On February 2, 2020, a close friend
I've been working with at VroniPlag Wiki passed away, Graf_Isolan.
We often chatted about things plagiarism, religion, Krimis,
and literally everything in the wee hours. He was quite
influential in driving many of the cases documented at VPW. He
died of cancer, nine years younger than me. He is sorely missed.
Reinhold's Aunt Gerda Wulff died on
April 25, 2019. She and her husband Gerd were very close to us,
as they are only about 10 years older than him. We visited them
often, and their kids all spent time with us. She suffered from
Parkinson's disease. The memorial service was very moving.
My mother, Lillis Ann Jane Weber, died
on January 21, 2013. It was a long goodbye, as she was diagnosed
with Alzheimer's in 2000. The obituary is online at the
Florida Times-Union.
My father, John Markel Weber, Sr., died
on December 6, 2011. He had been in and out of hospital since
August and had lost his will to fight. He was given morphium for
pain, and drifted off in his sleep. We wanted to bury him in
Renfrew, but the land had been auctioned off to a neighbor in a
tax sale, he had't paid the taxes on it for some years. So we
used one of the plots his father, David Markel Weber, had
purchased at the cemetery in Butler . We have set up a memorial
fund in his honor for Alzheimer's research.
Ruth Reichwald Gale, my high school
chum, lost her fight against cancer May 12, 2010. She was just
days shy of 3 years since her diagnosis. The scans in April had
been stable - and suddenly she was gone.
My mother-in-law, Liselotte ("Lilo")
Wulff, died suddenly of a stroke on November 4, 2009. She, too,
had been fighting cancer, but had appeared to be on the way to
getting better. She died a few days after her stroke in the
hospital. I've blogged about her
funeral, too.
My father-in-law, Karl ("Kalle") Wulff,
was released from the infinite pain of dying from cancer on
August 19, 2006. I wrote an obituary
for him in my blog. He was able to die at home, holding his
wife's hands, after a long fight against the cancers that
ravaged his body.
Good friends Birgit and Dietmar Ziegler
who worked in Maua, Kenia as missionaries building up a
Methodist hospital were killed in the early morning hours of
October 11, 2003 in an auto accident outside of Nairobi. They
leave behind them 4 children, Nora, Samuel, Ronja and Jacob.

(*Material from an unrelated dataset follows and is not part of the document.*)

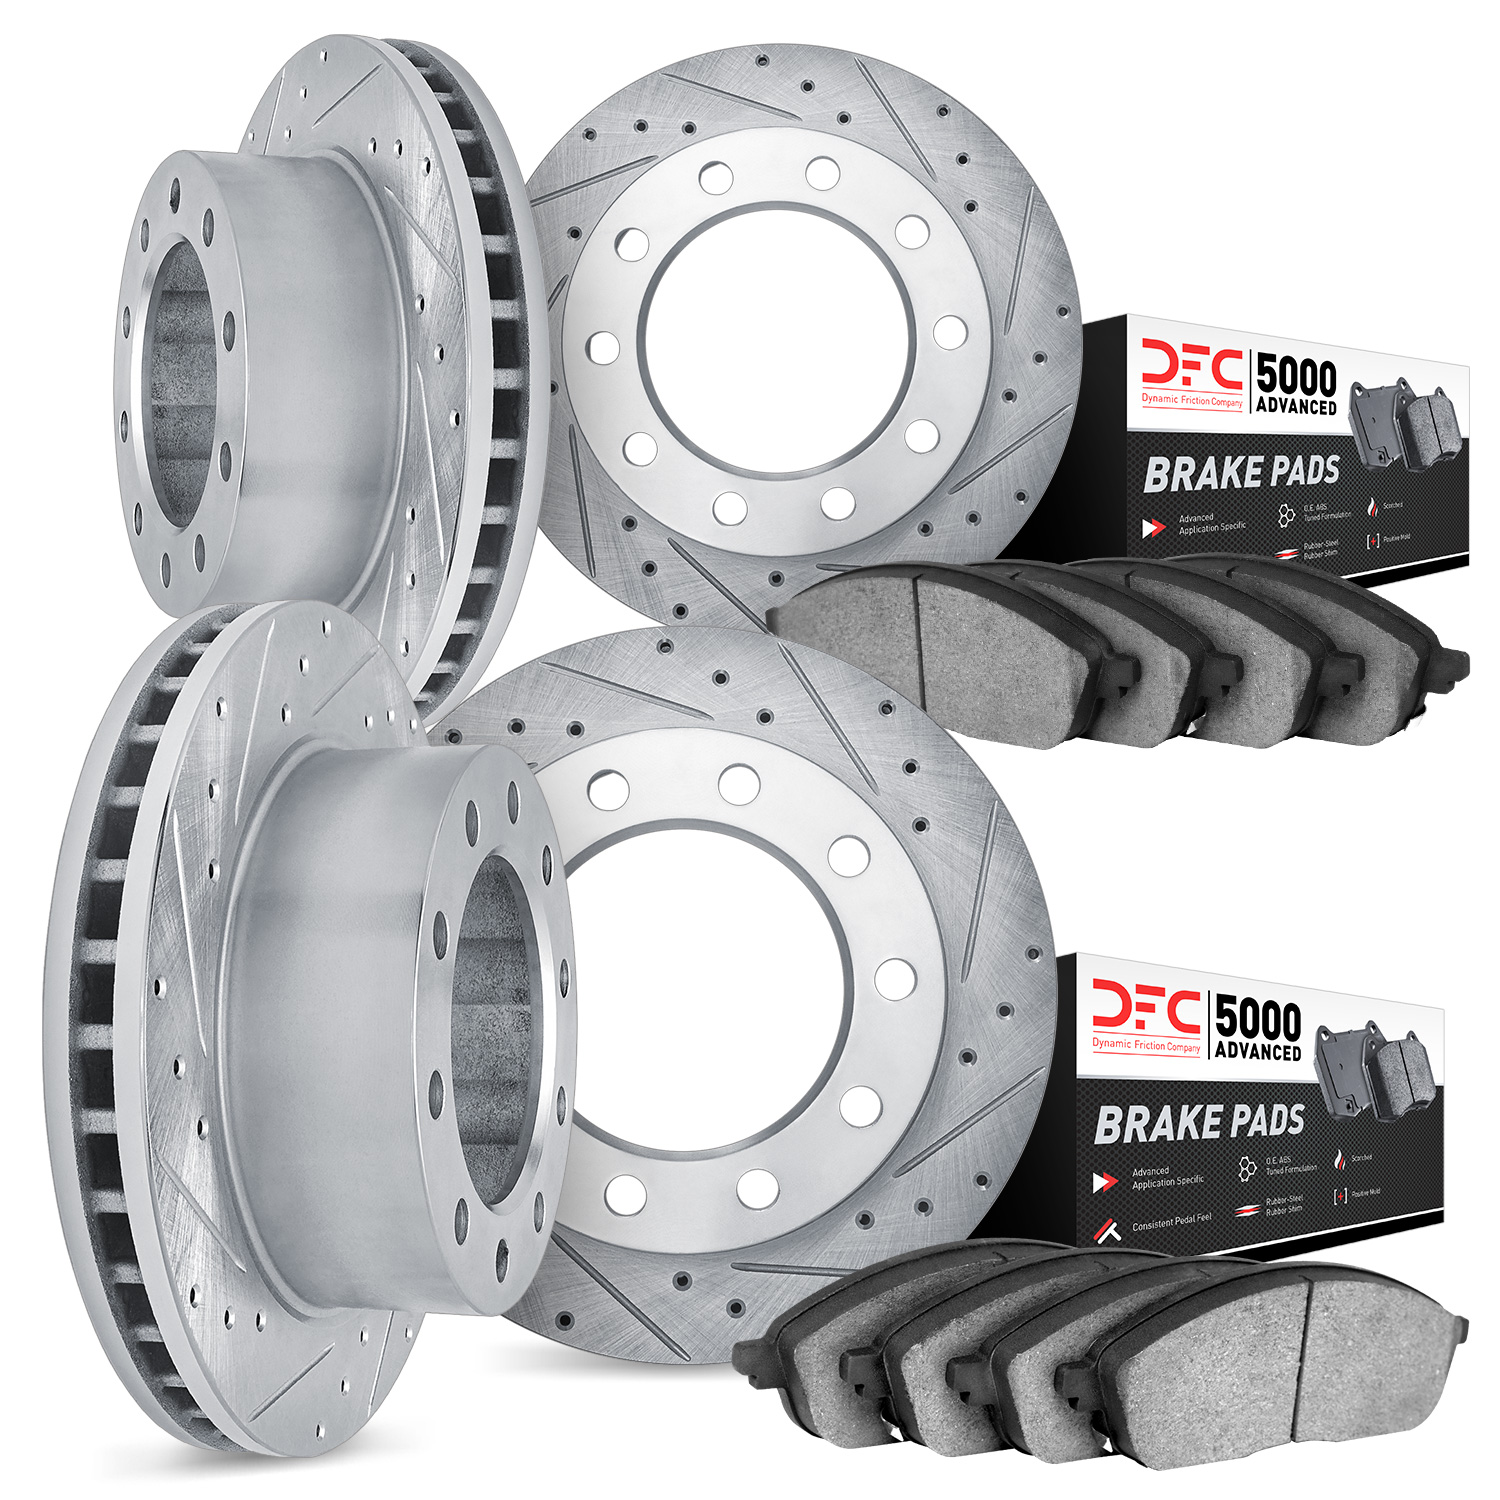 7504-48003 Drilled/Slotted Brake Rotors w/5000 Advanced Brake Pads Kit [Silver], 1998-1999 GM, Position: Front and Rear
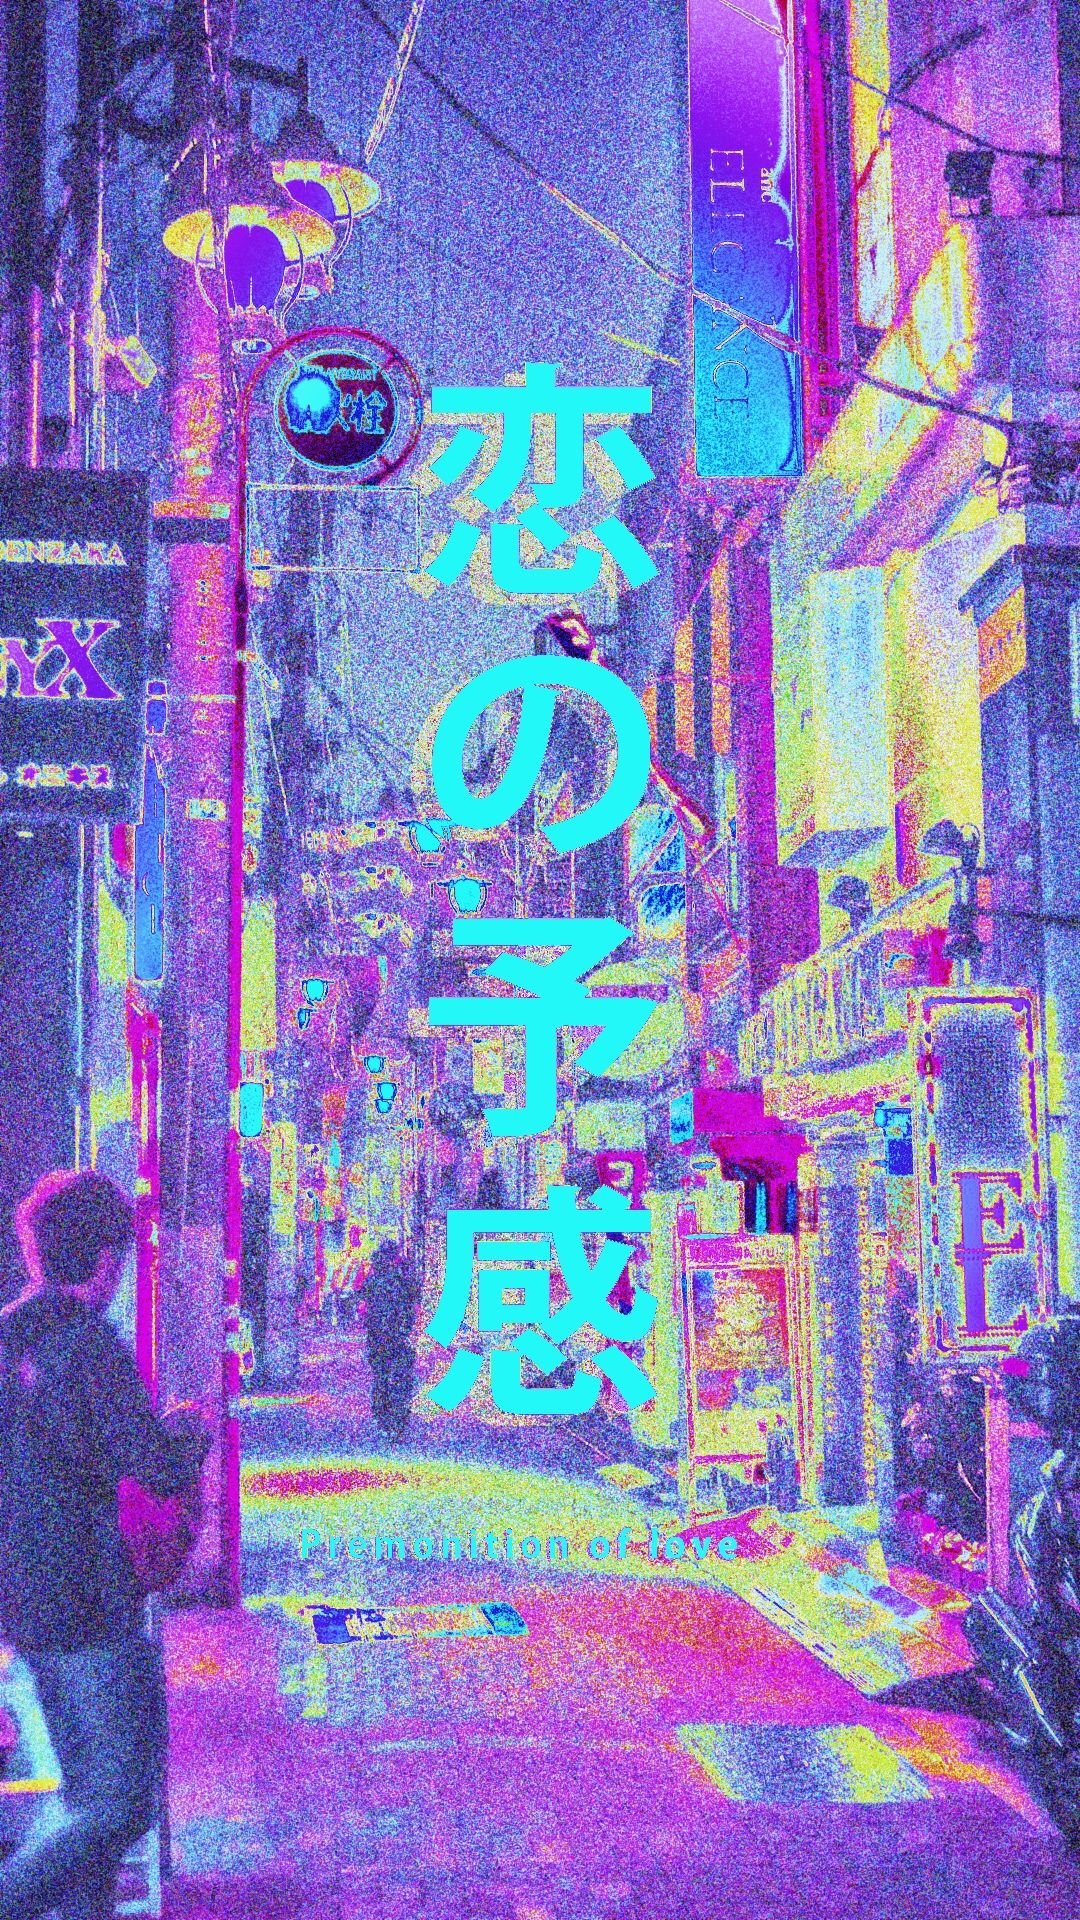 AESTHETIC VAPORWAVE PHONE WALLPAPER COLLECTION 192  Vaporwave wallpaper  Wallpapers vintage Aesthetic wallpapers

They worked educating people on AIDS and on how to avoid burns
and have helped so many people. I am very sad and pray for their
souls as well as for their children and for the future of the
hospital in Maua.
I have two pictures: Lecturing
on their work and in a field of sunflowers. Anstelle
von Kranz- und Blumenspenden bittet die Familie um eine Spende
für den neu gegründeten Birgit und Dietmar Ziegler-AIDS-Fond
der EmK-Weltmission, Ev. Kreditgenossenschaft Stuttgart, BLZ 600
606 06, Konto-Nr. 401 773.
My husband's uncle, Dipl.-Ing. Horst
Wulff, died of lung cancer June 9, 2003. He studied in Kiel and
worked at the metalworks Schröder & Co. until he retired. He
was a fun person to be around and always had interesting stories
to tell. He once even survived a run-in with a moose in Norway
that wrecked his car, but the cancer was stronger than he was.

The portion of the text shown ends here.